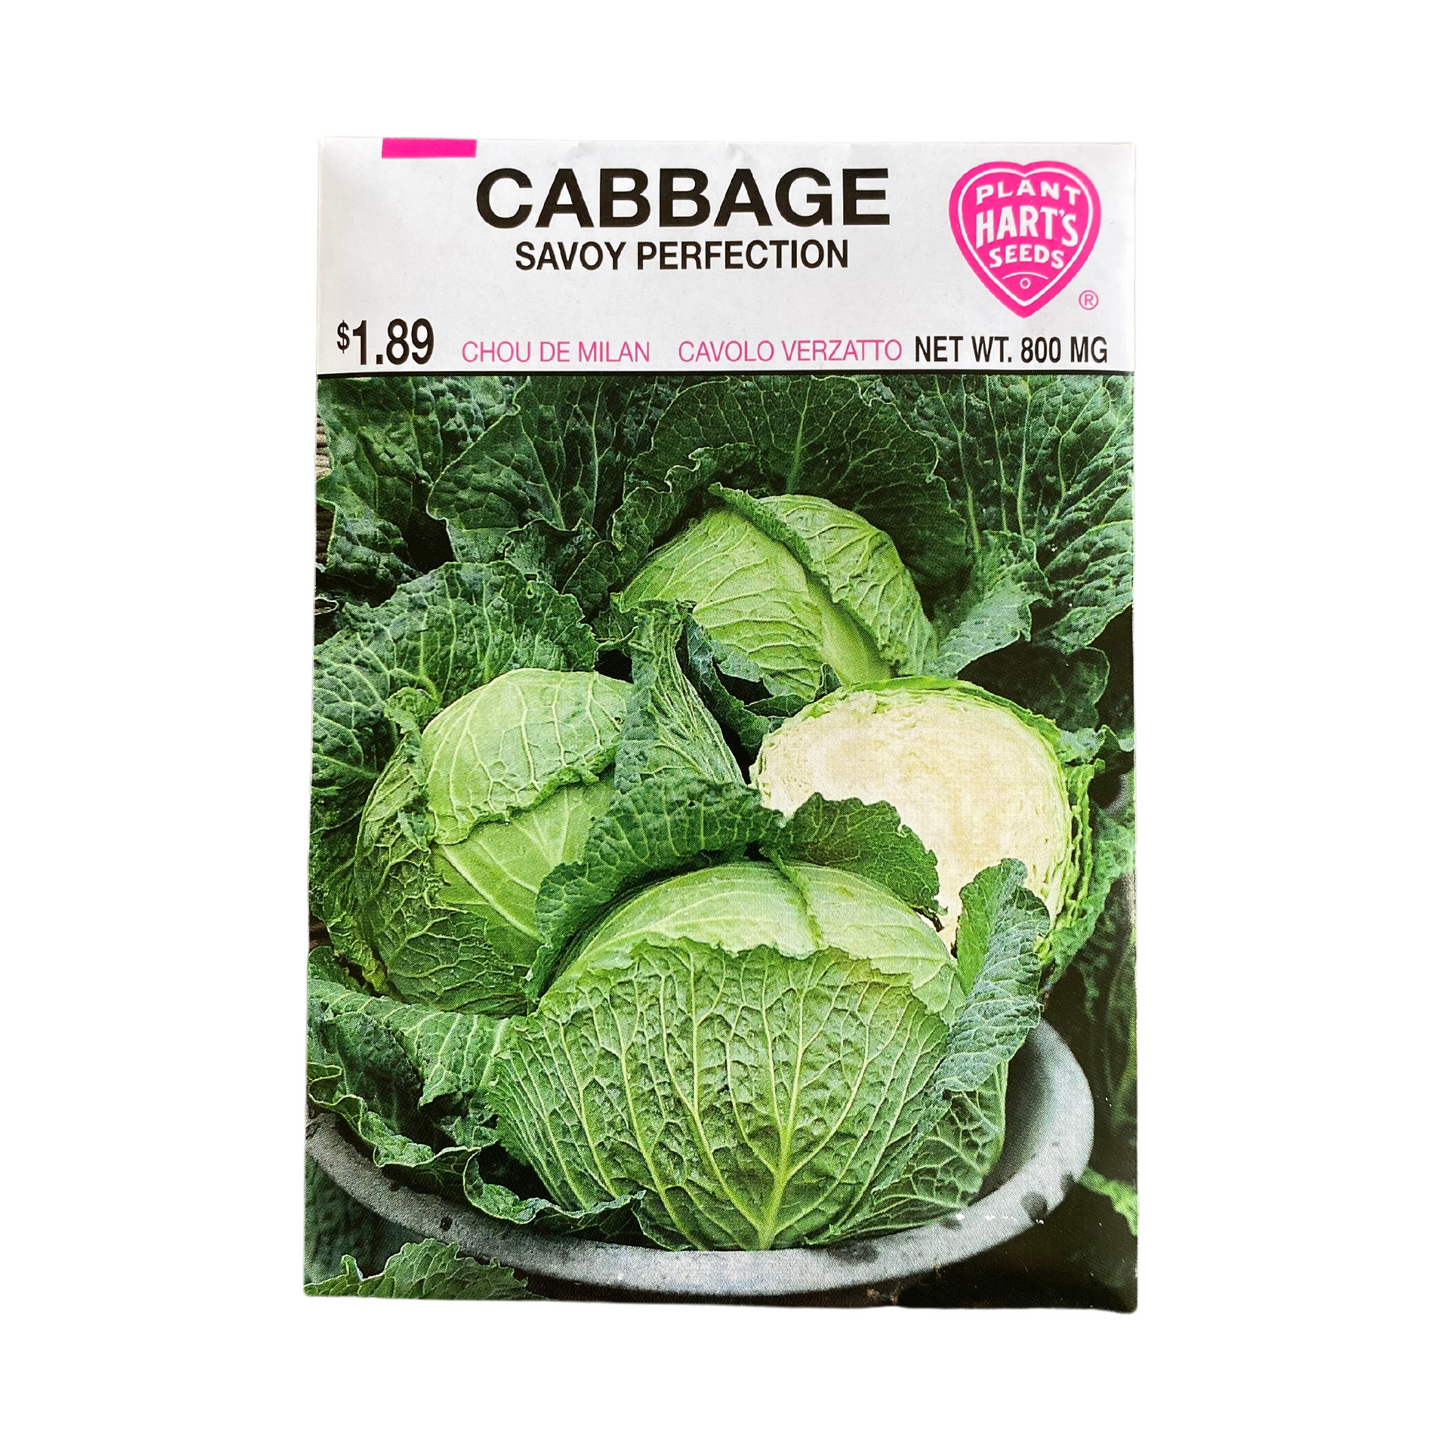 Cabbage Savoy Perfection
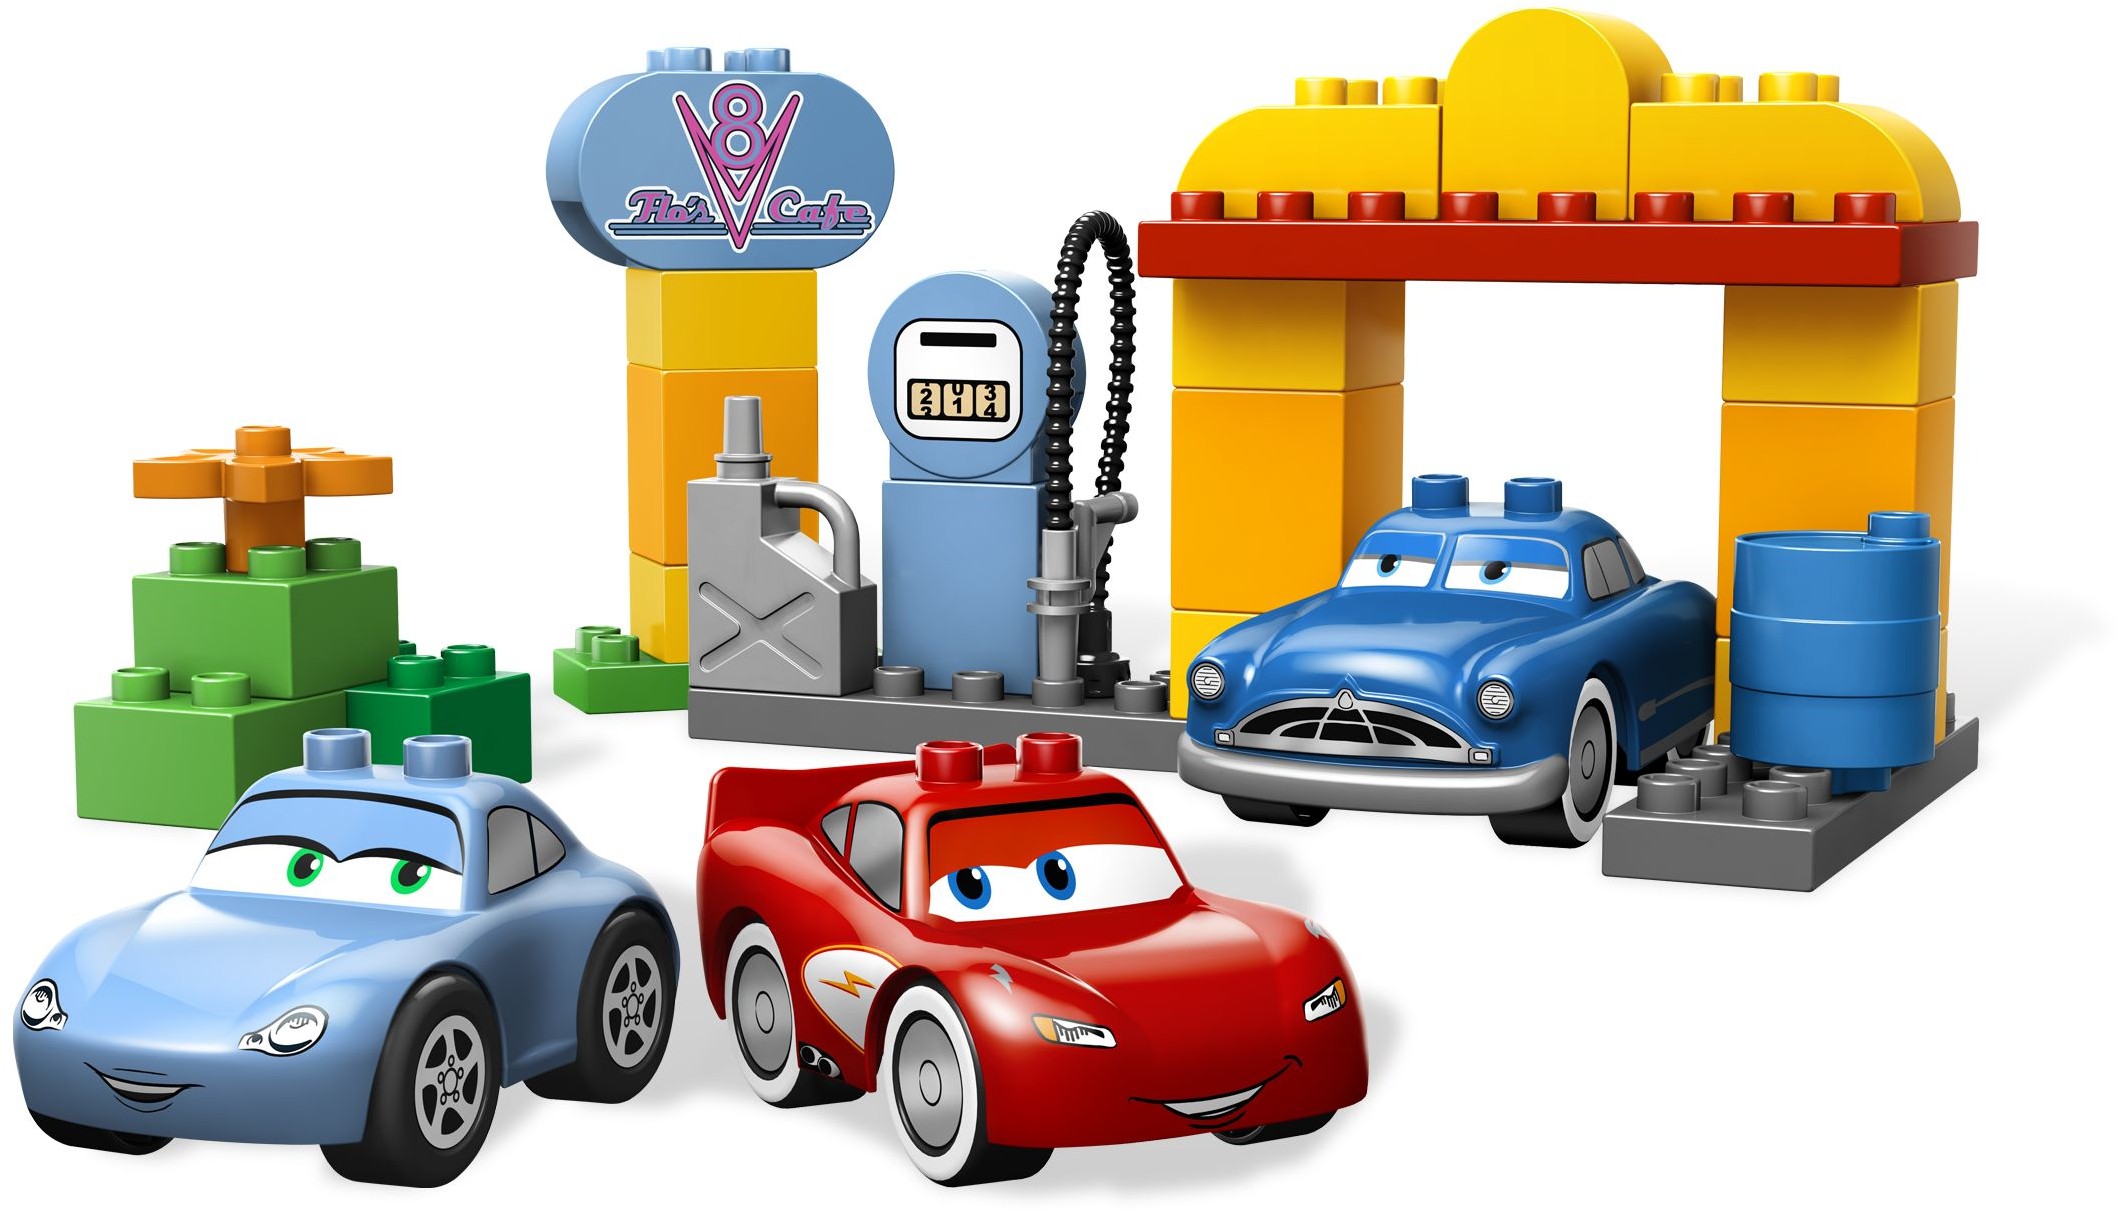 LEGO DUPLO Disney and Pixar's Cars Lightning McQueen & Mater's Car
————
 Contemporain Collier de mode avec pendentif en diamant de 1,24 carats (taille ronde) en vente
————
Directions for this task :: Only the lines of the listing above from the one with "Cabbage Savoy Perfection" through the one with "LEGO DUPLO Disney" should be output, exactly, with both ends kept and pictures left out.

Solution to this exercise ::
 Cabbage Savoy Perfection
 LEGO DUPLO Disney and Pixar's Cars Lightning McQueen & Mater's Car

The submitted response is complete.